We will test the configurable pipelines with Efinix Titanium and Trion, Lattice ECP5 and NX, Intel Cyclone 10lp and AMD Artix 7 all running at the same 120MHz core clock speed. We will create a configuration file for each processor to allow each run with the minimal amount of pipelining needed to meet timing with 8 exponent and 24 mantissa bits in our floating point alu. The processor source code can be found in its own stand-alone repository and the example project in which it is used can be found here.

The processor repository is included in the example project as a submodule and the float alu and memory modules are also in their own repositories for easy adoption outside of the presented application. All of the referenced repositories are part of open source hVHDL project and licensed under permissive MIT license. The project also has its own discord from where you can get support and give feedback or ask questions if you find issues with testing or using the modules.

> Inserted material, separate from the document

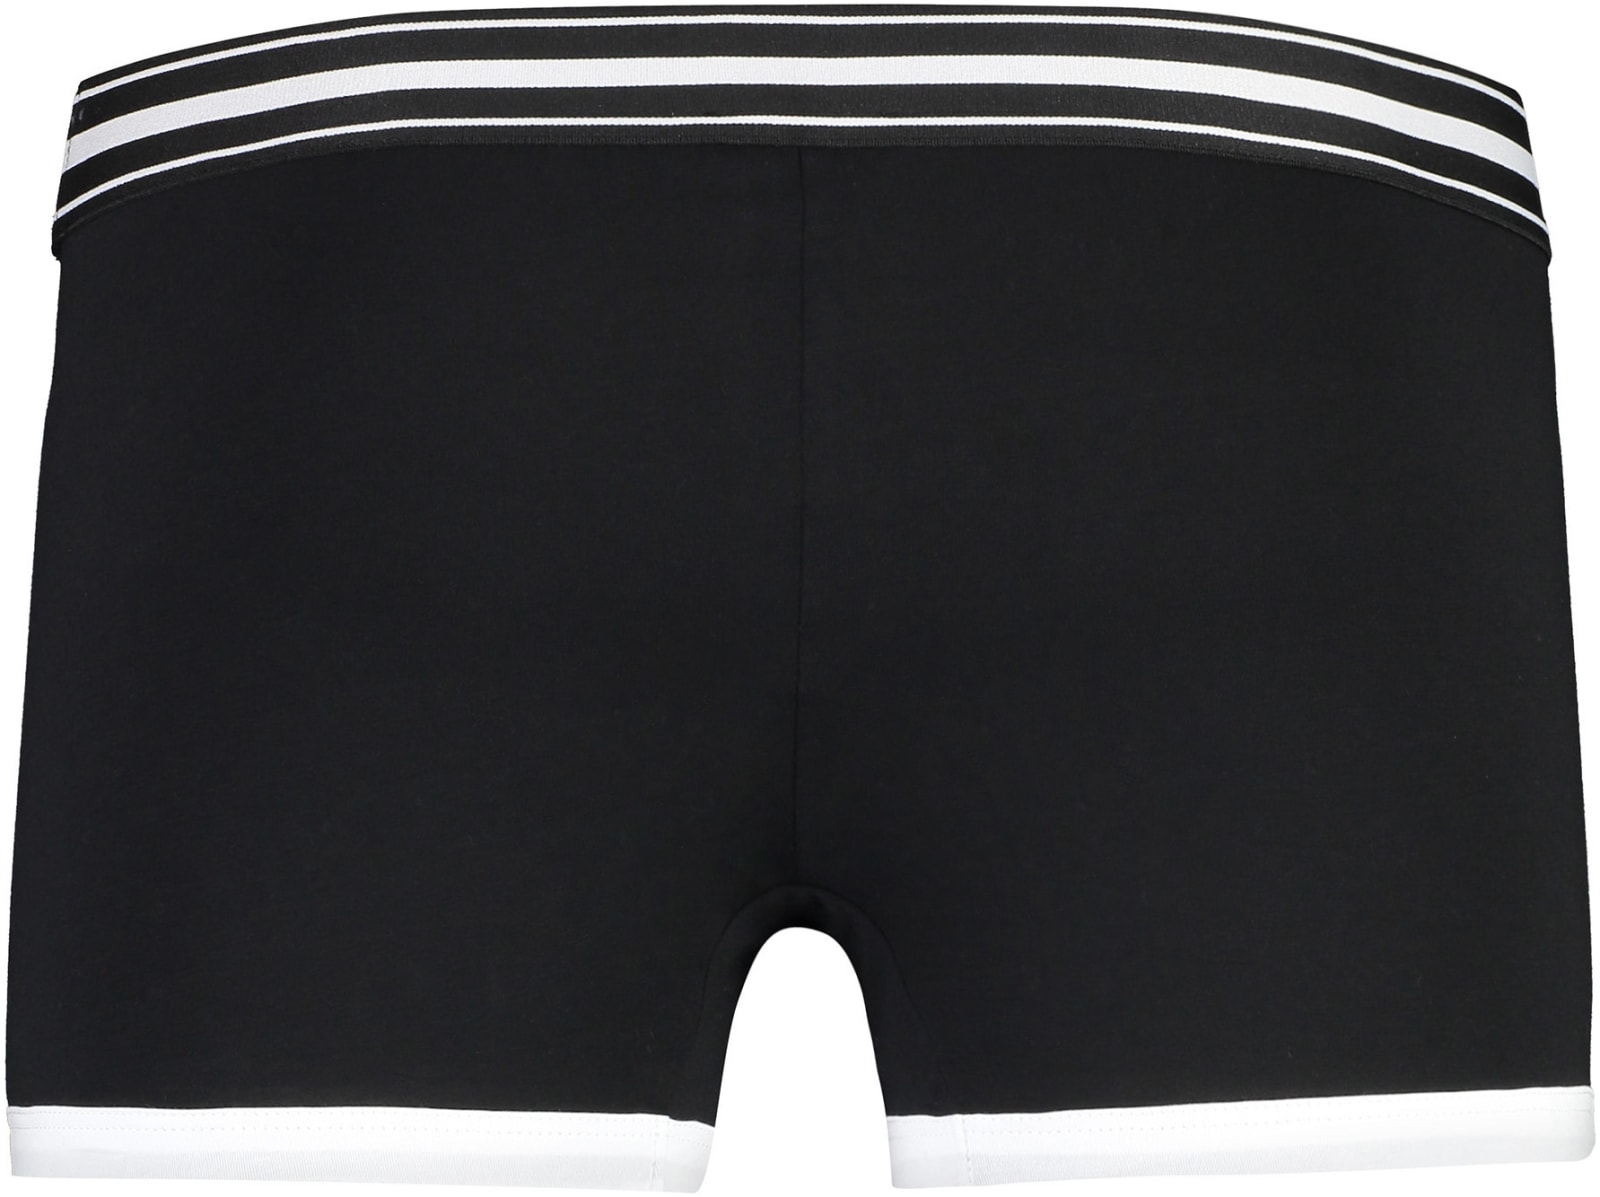 Shop Dolce & Gabbana Logoed Elastic Band Cotton Trunks In Black/white

Adding an extra layer of hierarchy to our assembler

The example program that we have used to test our processor in our previous blogs is a simple first order low pass filter with the conceptual program shown below

temp = u - y
mpy_result = temp * g 
y = y * mpy_result

In our low pass filter we need the result from the first subtraction for the multiplication and we need the result of the multiplication for the final addition. Hence we need the result of previous instruction for the one that follows it.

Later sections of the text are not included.